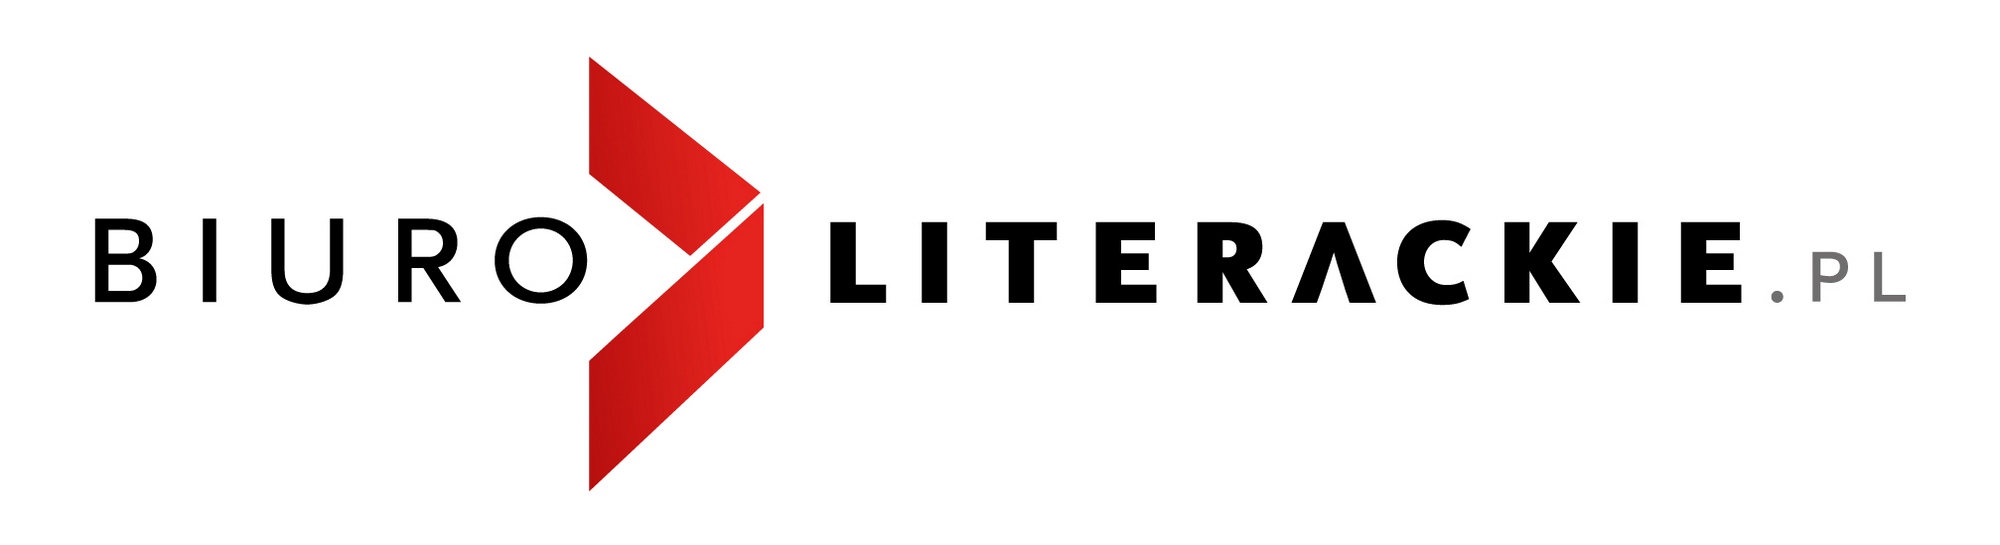 Biuro Literackie – logotyp (źródło: materiały prasowe)
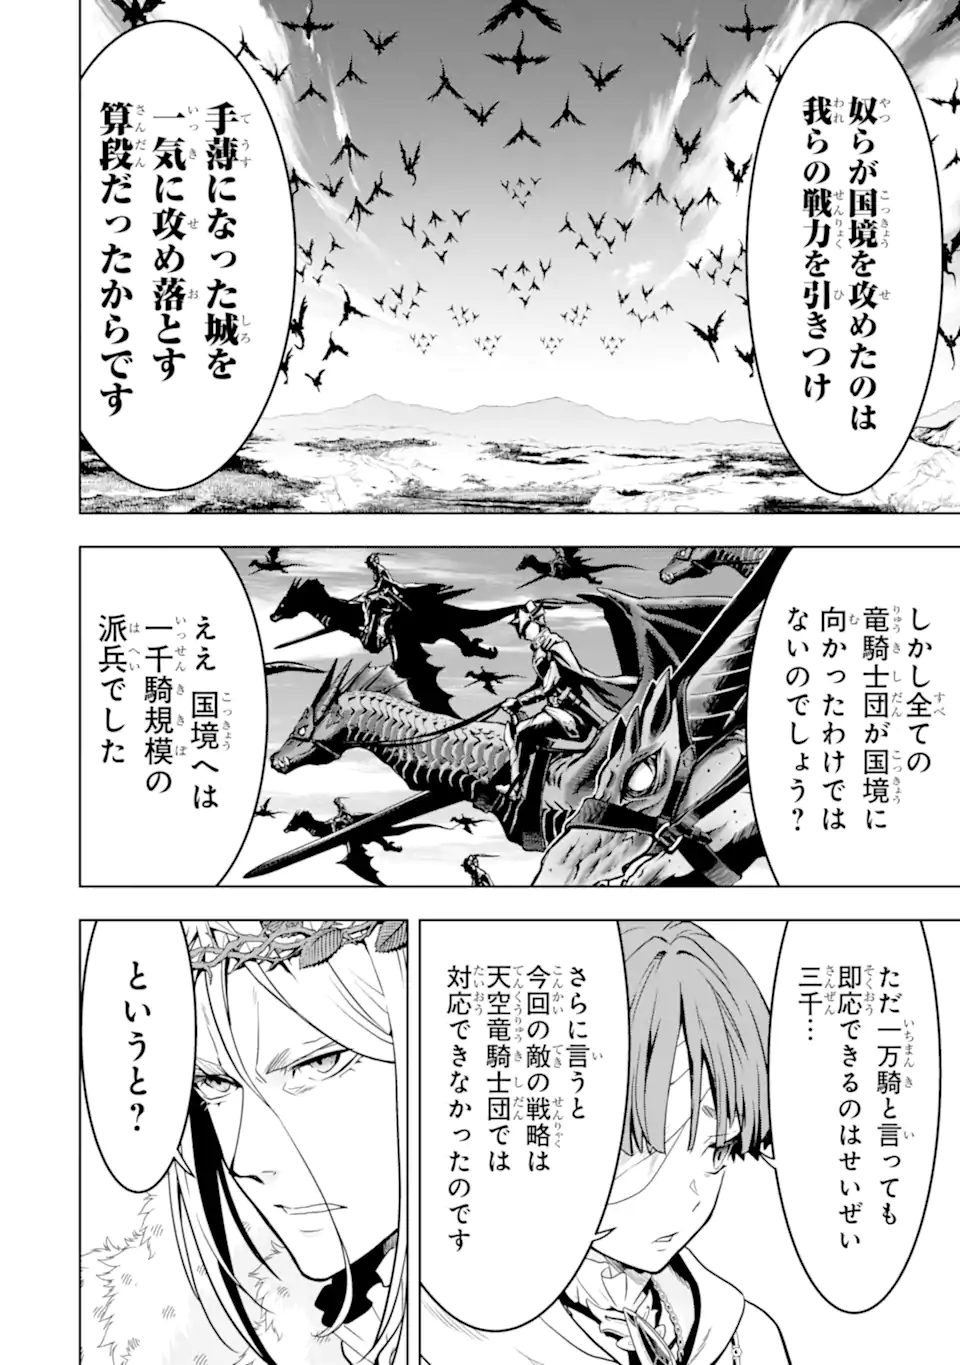 Koko wa Ore ni Makasete Saki ni Ike to Itte kara 10 Nen ga Tattara Densetsu ni Natteita - Chapter 36.4 - Page 2
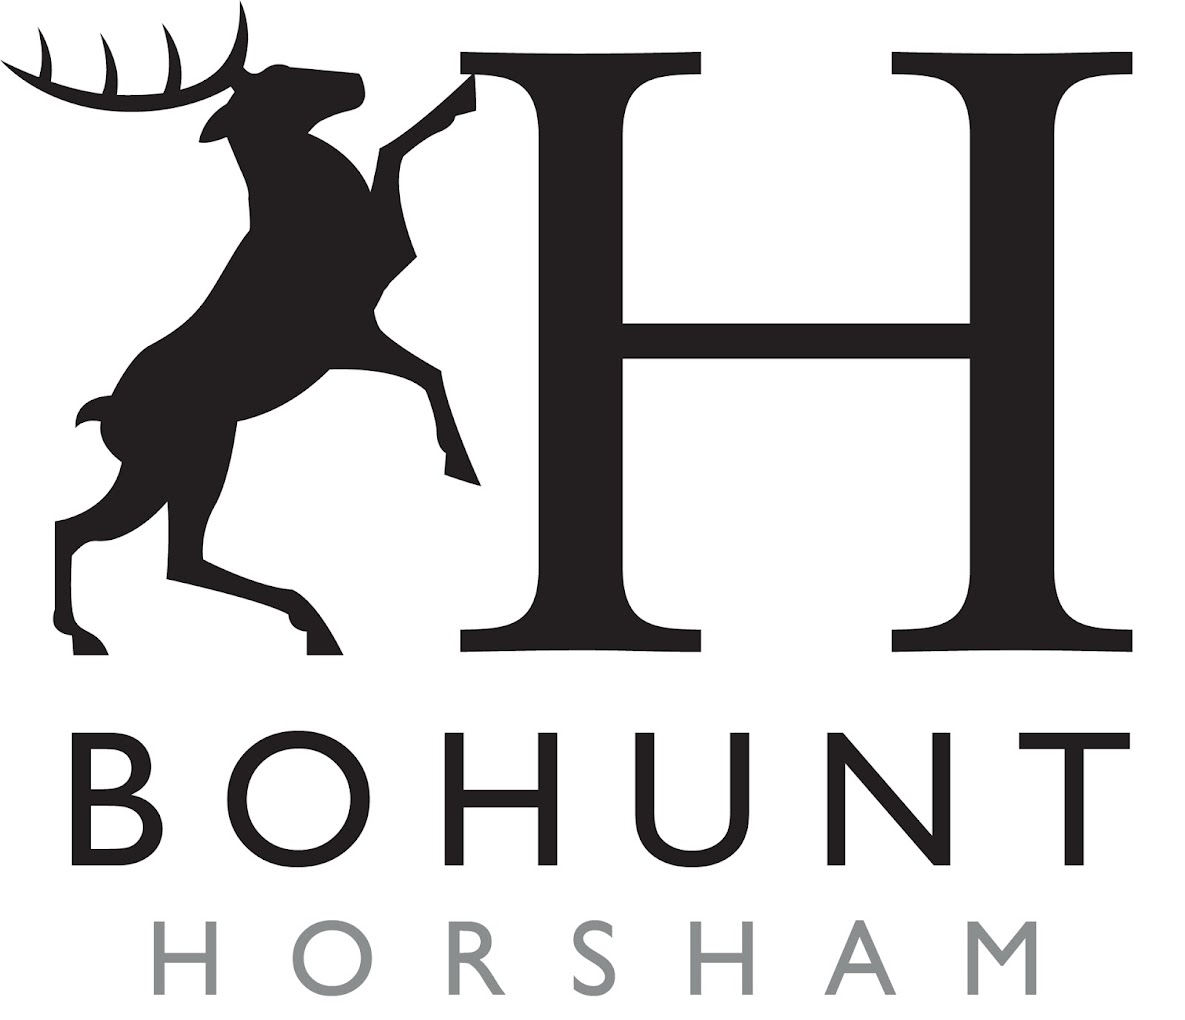 Bohunt School Horsham

▶ **The problem**:
Your output must reproduce the material above in full, with no pictures.

▶ **Finished exercise**:
 Biuro Literackie – logotyp (źródło: materiały prasowe)
 Koko wa Ore ni Makasete Saki ni Ike to Itte kara 10 Nen ga Tattara Densetsu ni Natteita - Chapter 36.4 - Page 2
 Bohunt School Horsham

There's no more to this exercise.